My sense of being abused and powerless festered for a while until I decided that these feelings might help me be more empathetic to other victims of harassment. When a research assistant working at an institute nearby came crying to my motherly secretary, and I mean crying, because his professor was giving him a hard time, I visited with him. I very well may not have done so before Jean taught me a lesson. When one of my colleagues jokingly complained about co-eds rejecting his advances, suggesting that they should enjoy older, experienced men, I did speak up with a little more vigor than I might have done before my short course on what it is like to be at the receiving end of such treatment.

The incident had another lasting effect on my relationship with the young people who work with me. When one of them was mugged and brutally assaulted in Georgetown, I helped her regain her composure over the weeks that followed, but did not feel free to show her how deeply concerned I was. I wanted to give her a shoulder to cry on but I kept her at arm’s length. The same was true when the father of one of the younger staff members suddenly died, and she was grief-stricken. Another young staff member dropped by my office often and unnecessarily, looking deeply into my eyes, and asking to accompany me to meetings to which I was invited, often at the end of the day. I tried to transfer her to another part of the university, but she refused to be reassigned. Luckily, she was accepted into a top medical school, and broke away.

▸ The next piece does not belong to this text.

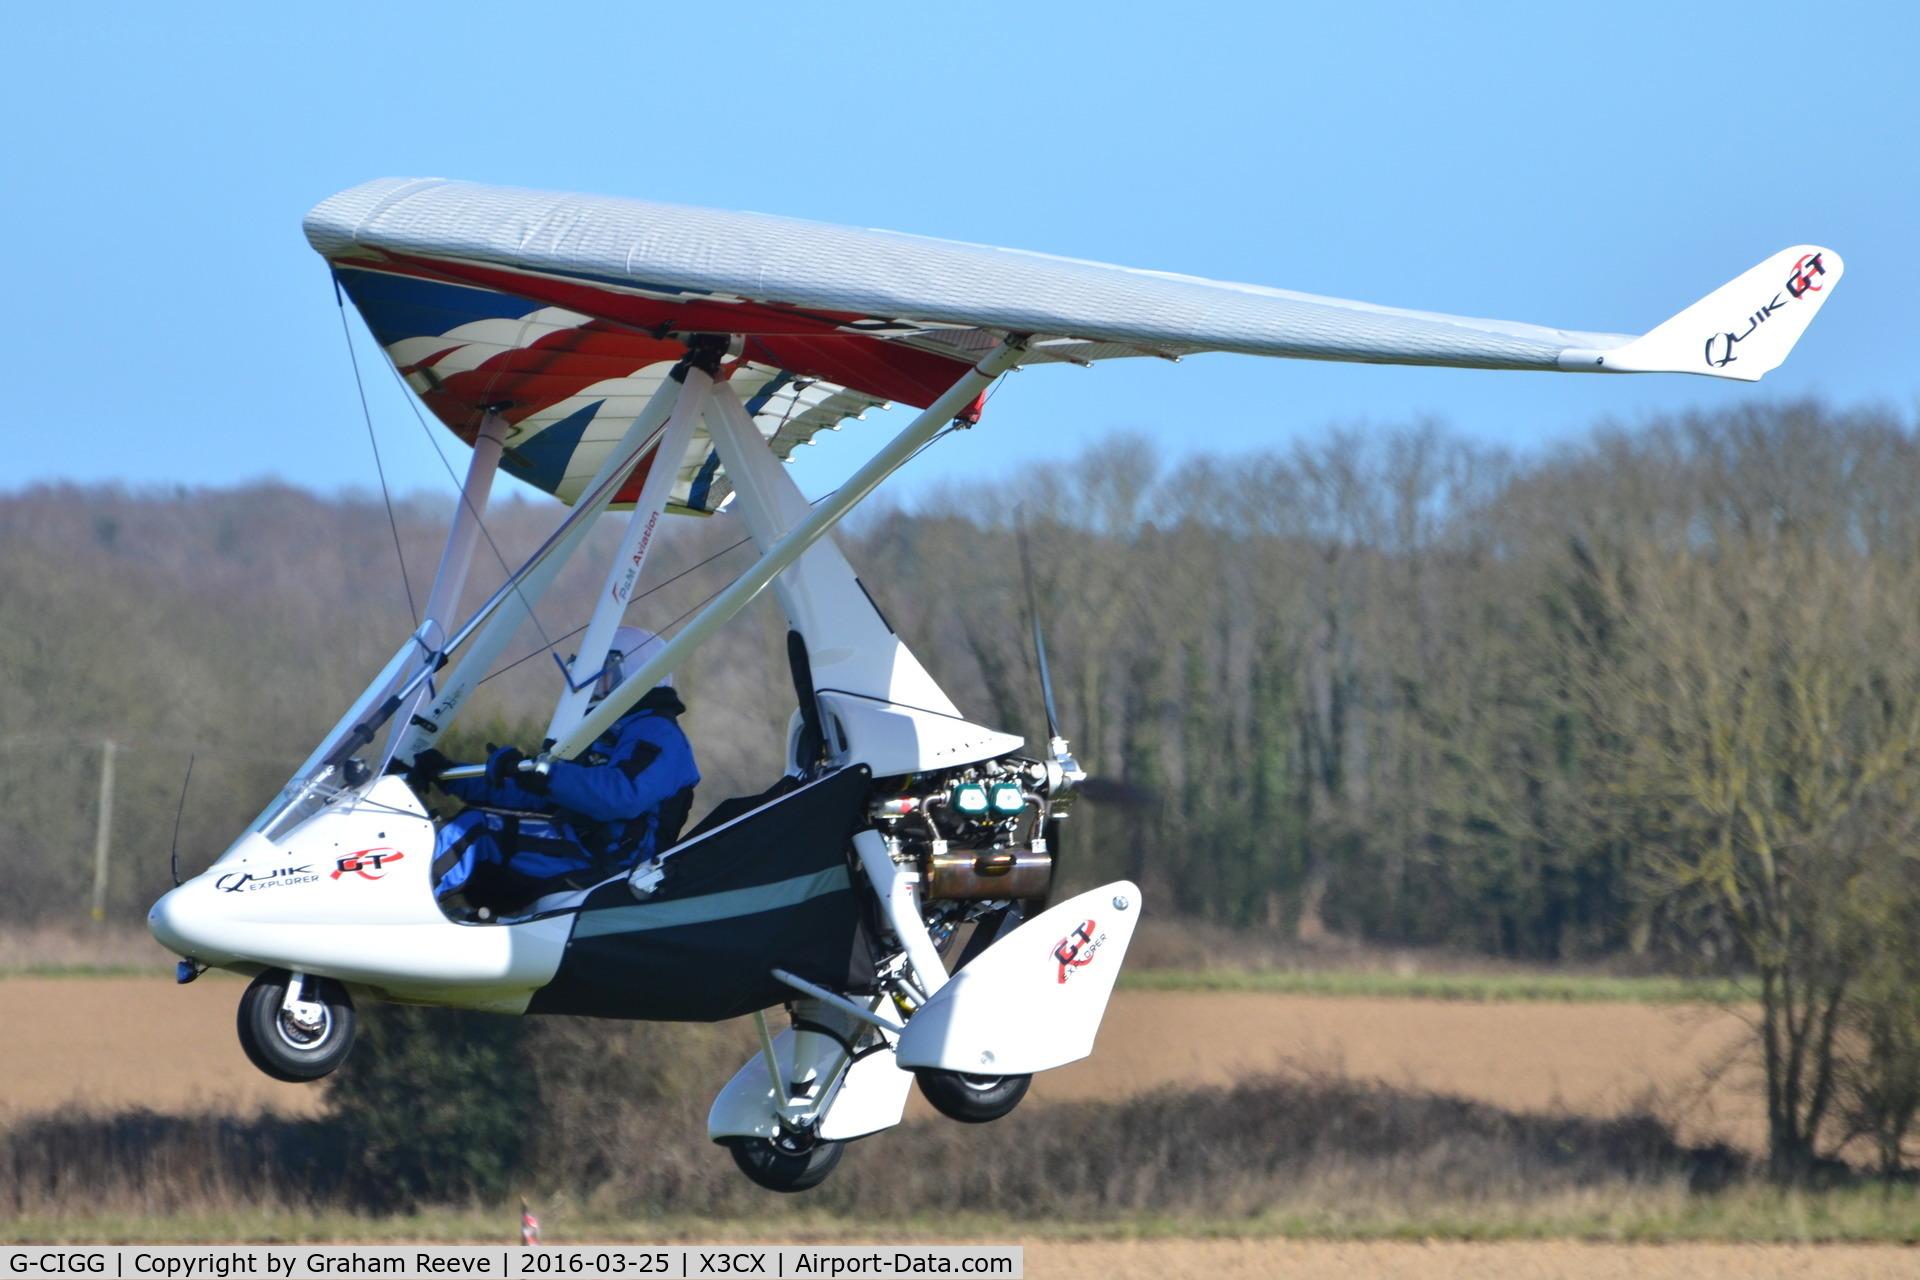 G-CIGG, 2014 P&M Aviation Quik GTR C/N 8690, Departing from Northrepps.

The “communitarian” lesson of all this is far from easily drawn. All too often in the academic world in which I live, young women are pressured to engage in sexual acts by people who have power over them, co-eds by their professors, junior faculty by those who will rule on their tenure. A New York colleague of mine damaged more than a student, which is bad enough. He got her a PhD degree (which was relatively easy, because two other members of the committee had mistresses they had to keep happy), and then an assistant professor post. He really got us all abuzz when he refused to leave the room when her tenure was voted on. In short, there is not and never was any doubt in my mind that those who do so abuse others--and academic standards--should be exposed and properly punished. But there should also be a way for someone to clear his or her name, in full. Currently even those who are found not guilty in various hearings are still assumed to be guilty by many in their campus communities.

There must also be some clarification of the code of conduct. A colleague was charged with sexual harassment because a co-ed claimed that he was staring at her through his goggles in a swimming pool. The charge was brought under the rule that harassment can take the form of creating a “hostile environment” and--that what constitutes such an environment is determined by those who declare themselves to be its victims. These kinds of rules are too fungible, and undermine any notion of due process and fairness that should be extended even to old, white males.

Maybe it is impossible to have a close personal relationship with one’s staff or students--without fearing that it might be misunderstood, mischaracterized." (Amitai Etzioni, Amitai Etzioni Notes blog, October 7, 2003; 04:02 PM).